Patients who deteriorate outside highly monitored settings and who require unplanned transfer to the intensive care unit (ICU) are known to have high mortality and morbidity.[1, 2, 3, 4, 5] The notion that early detection of a deteriorating patient improves outcomes has intuitive appeal and is discussed in a large number of publications.[6, 7, 8, 9, 10] However, much less information is available on what should be done after early detection is made.[11] Existing literature on early warning systems (EWSs) does not provide enough detail to serve as a map for implementation. This lack of transparency is complicated by the fact that, although the comprehensive inpatient electronic medical record (EMR) now constitutes the central locus for clinical practice, much of the existing literature comes from research institutions that may employ home‐grown EMRs, not community hospitals that employ commercially available systems.

In this issue of the Journal of Hospital Medicine, we describe our efforts to bridge that gap by implementing an EWS in a pair of community hospitals. The EWS's development and its basic statistical and electronic infrastructure are described in the articles by Escobar and Dellinger and Escobar et al.[2, 12, 13] In this report, we focus on how we addressed clinicians' primary concern: What do we do when we get an alert? Because it is described in detail by Granich et al.[14] elsewhere in this issue of the Journal of Hospital Medicine, a critical component of our implementation process (ensuring that patient preferences with respect to supportive care are honored) is not discussed.

Our article is divided into the following sections: rationale, preimplementation preparatory work, workflow development, response protocols, challenges and key learnings, and concluding reflections.


Much of the previous work on the implementation of alarm systems has focused on the statistics behind detection or on the quantification of processes (eg, how many rapid response calls were triggered) or on outcomes such as mortality. The conceptual underpinnings and practical steps necessary for successful integration of an alarm system into the clinicians' workflow have not been articulated. Our theoretical framework was based on (1) improving situational awareness[15] (knowing what is going on around you and what is likely to happen next) and (2) mitigating cognitive errors.

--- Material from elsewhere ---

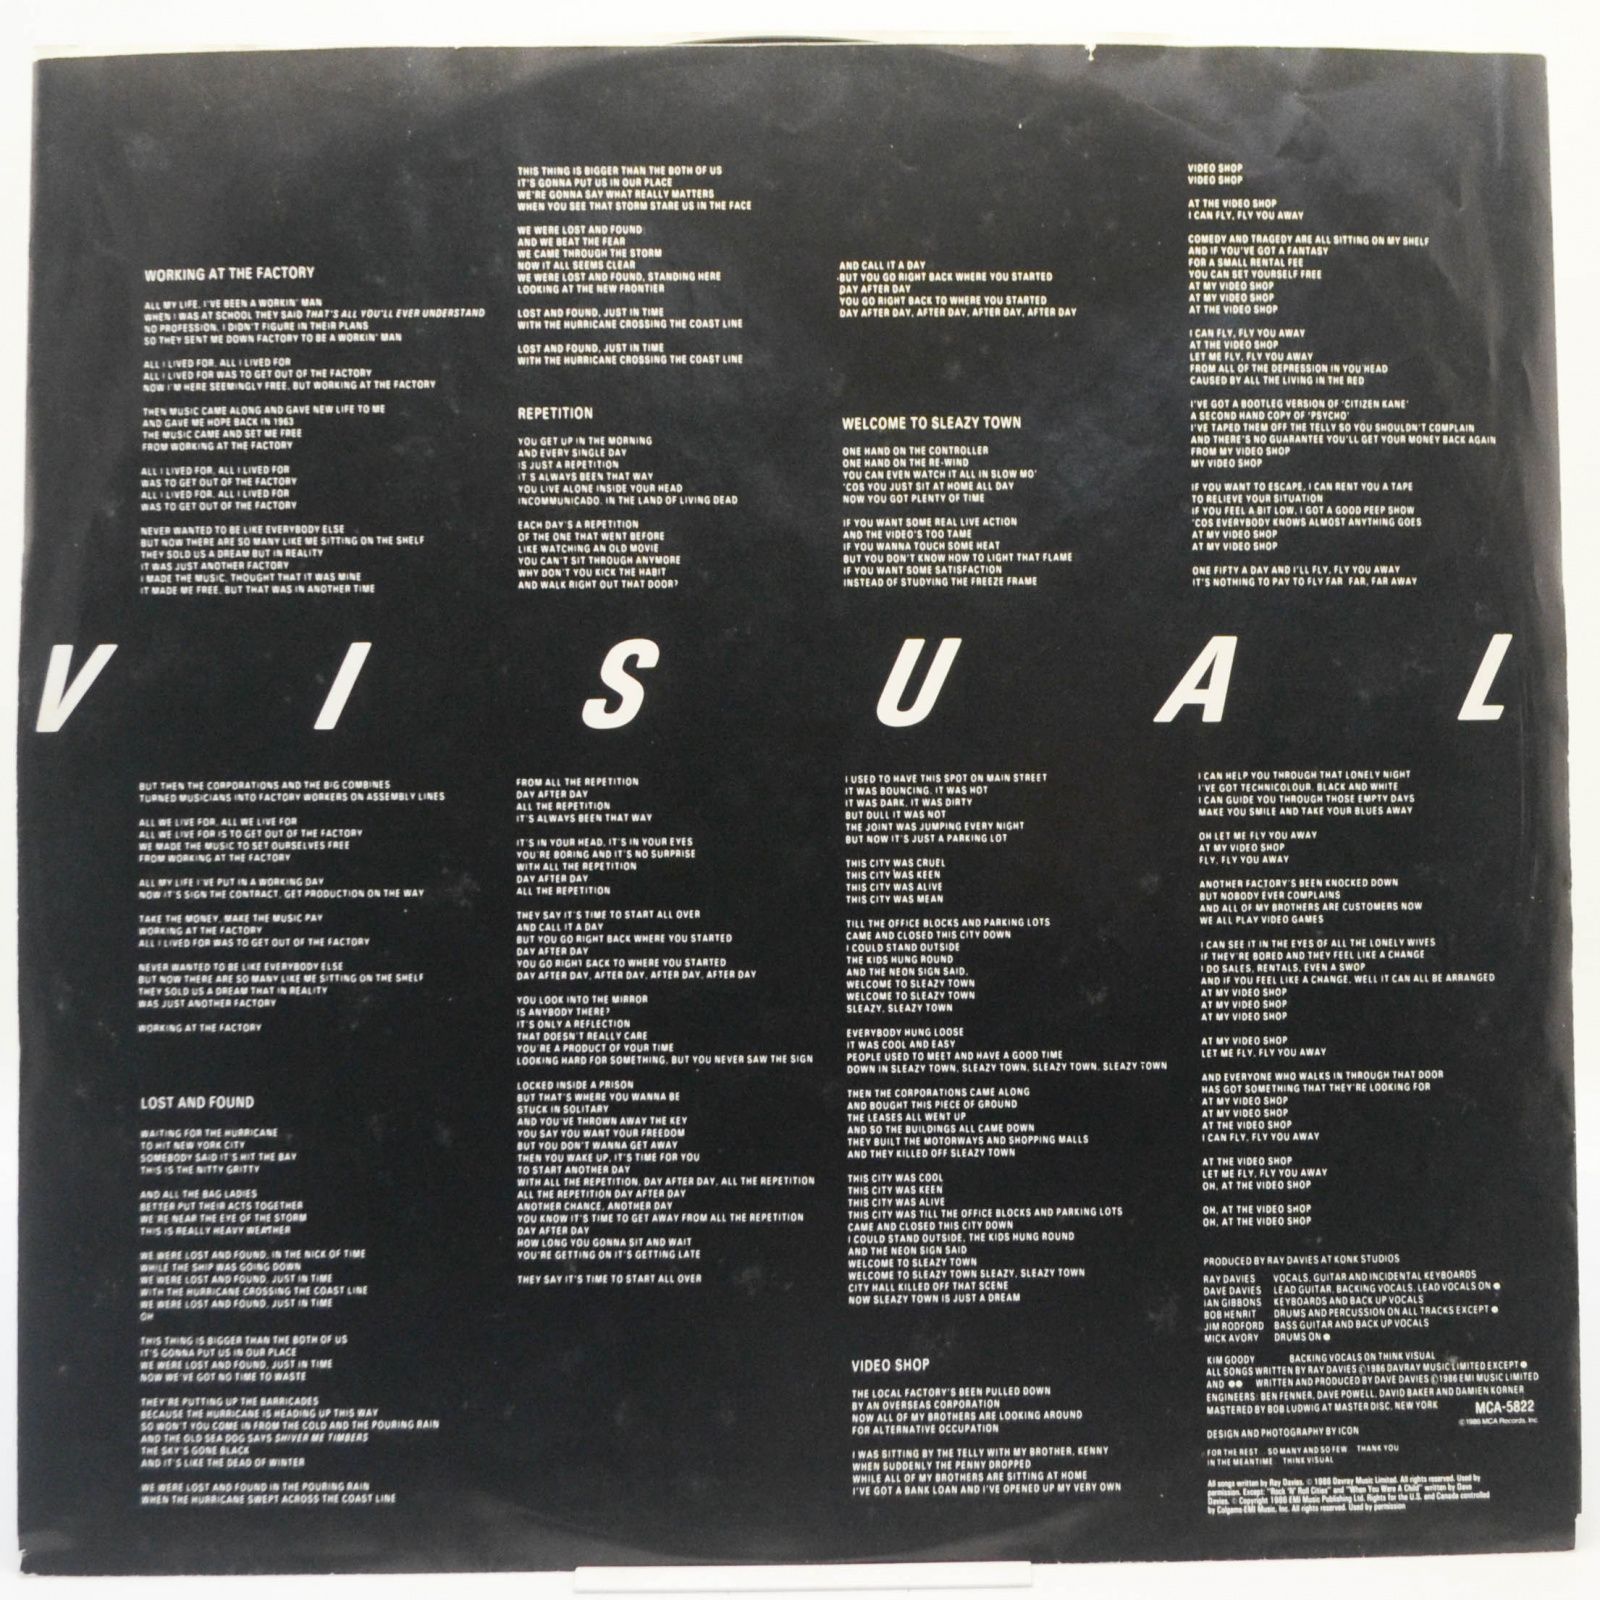 Kinks — Think Visual (USA), 1986

An EWS enhances situational awareness most directly by earlier identification of a problem with a particular patient. As is detailed by Escobar et al.[16] in this issue of the Journal of Hospital Medicine, our EWS extracts EMR data every 6 hours, performs multiple calculations, and then displays 3 scores in real time in the inpatient dashboard (known as the Patient Lists activity in the Epic EMR). The first of these scores is the Laboratory‐Based Acute Physiologic Score, version 2 (LAPS2), an objective severity score whose retrospective version is already in use in Kaiser Permanente Northern California (KPNC) for internal benchmarking.[13] This score captures a patient's overall degree of physiologic instability within the preceding 72 hours. The second is the Comorbidity Point Score, version 2 (COPS2), a longitudinal comorbidity score based on the patient's diagnoses over the preceding 12 months.[13] This score captures a patient's overall comorbidity burden. Thus, it is possible for a patient to be very ill (high COPS2) while also being stable (low LAPS2) or vice versa. Both of these scores have other uses, including prediction of rehospitalization risk in real time,[17] which is also being piloted at KPNC. Finally, the Advanced Alert Monitoring (AAM) score, which integrates the LAPS2 and COPS2 with other variables, provides a 12‐hour deterioration risk, with a threshold value of 8% triggering response protocols. At or above this threshold, which was agreed to prior to implementation, the system achieves 25% sensitivity, 98% specificity, with a number needed to evaluate of 10 to 12, a level of workload that was felt to be acceptable by clinicians. Actions triggered by the EWS may be quite different from those one would take when being notified of a code blue, which is called at the time an event occurs. The EWS focuses attention on patients who might be missed because they do not yet appear critically ill. It also provides a shared, quantifiable measure of a patient's risk that can trigger a standardized plan of action to follow in evaluating and treating a patient.[15]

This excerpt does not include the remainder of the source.